MnO Stabilized in Carbon‐Veiled Multivariate Manganese Oxides as High‐Performance Cathode Material for Aqueous Zn‐Ion Batteries
Wanwei Jiang, Haiting Shi, Xijun Xu, Jiadong Shen, Zhiwei Xu, Renzong Hu
Abstract
Aqueous Zn‐ion battery has emerged as one of the most prospective energy storage devices due to its low cost, high safety, and eco‐friendliness. However, Zn‐ion batteries are bottlenecked by significant capacity fading during long‐term cycling and poor performance at high current rates.
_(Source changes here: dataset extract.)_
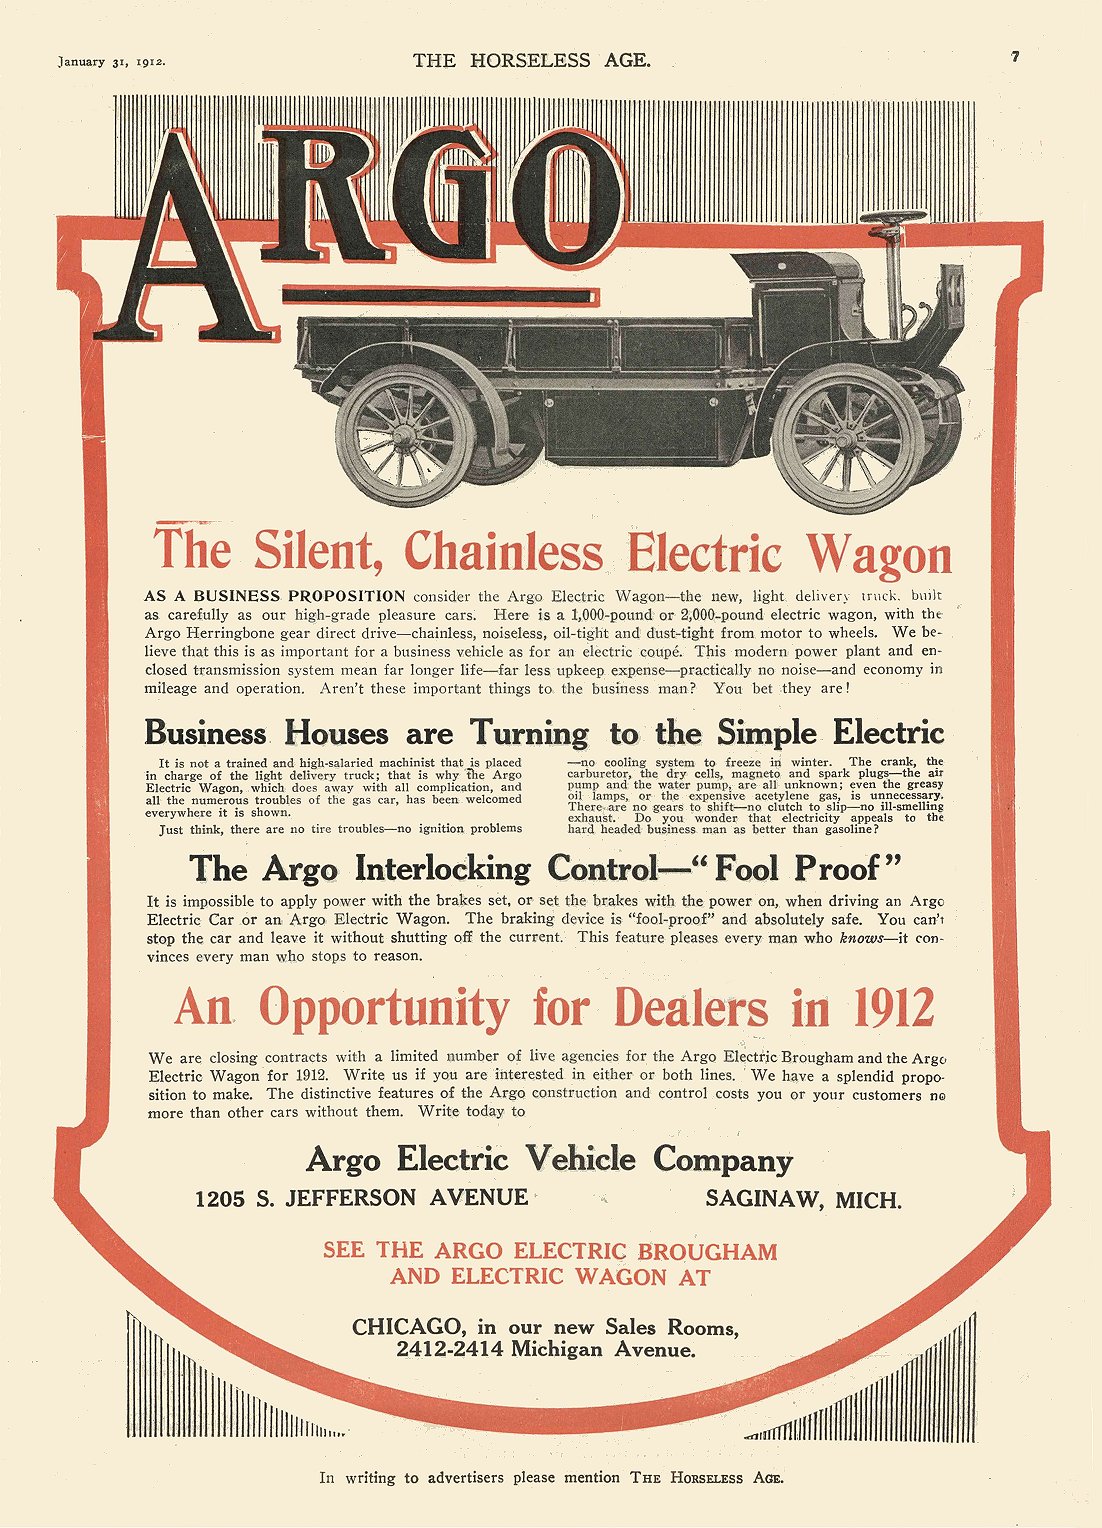 1912 10 23 ARGO Electric The Silent, Chainless Electric Wagon Argo Electric Vehicles Co Saginaw, MICH THE HORSELESS AGE October 23, 1912
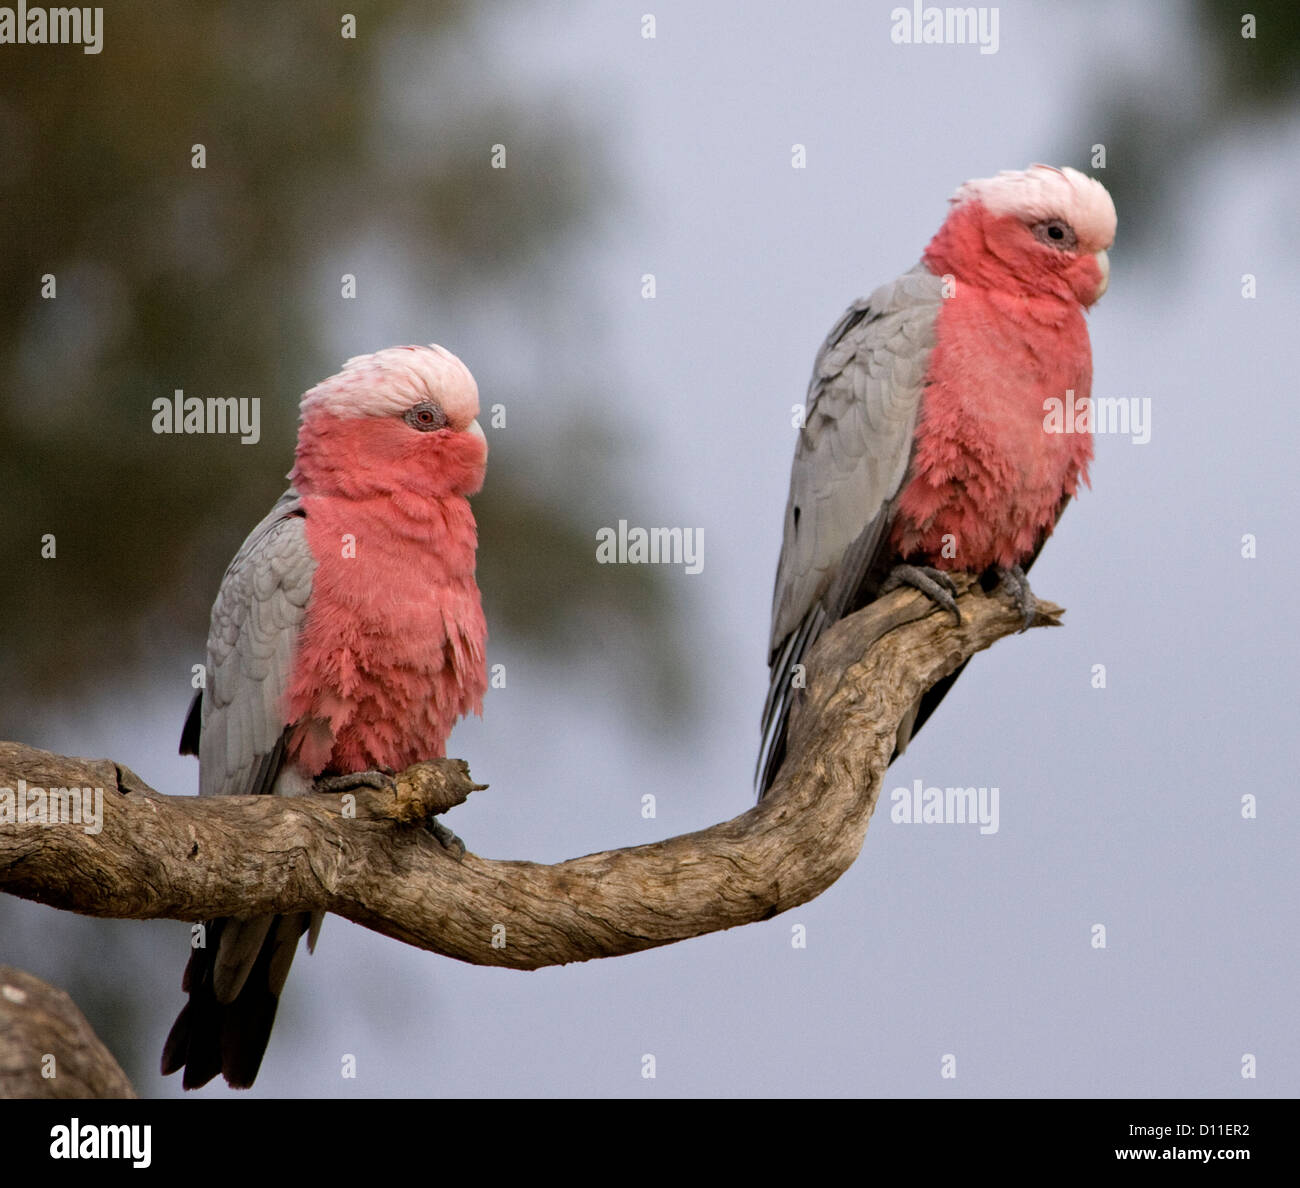 repertoire Daisy ekstensivt Australian Parrots High Resolution Stock Photography and Images - Alamy

Here, we report an available cooperation of multivariate manganese oxides@carbon hybrids (MnO 2 /MnO@C and MnO 2 /Mn 3 O 4 @C) via a plasma‐assisted design as an attractive Zn‐ion cathode. Among them, the MnO 2 /MnO@C cathode exhibits a reversible specific capacity of 165 mAh g −1 over 200 cycles at a high rate of 0.5 A g −1 , and possesses great rate performance with high capacities of 110 and 100 mAh g −1 at a high rate of 0.8 and 1 A g −1 , respectively. The good cathode performance significantly results from the facile charge transfer and ions (Zn 2+ and H + ) insertion in the manganese oxides/carbon hybrids featuring phase stability behavior in the available cooperation of multivalence and carbon conductive substrates. This work will promote the Zn‐manganese dioxide system for the design of low‐cost and high‐performance aqueous rechargeable Zn‐ion batteries.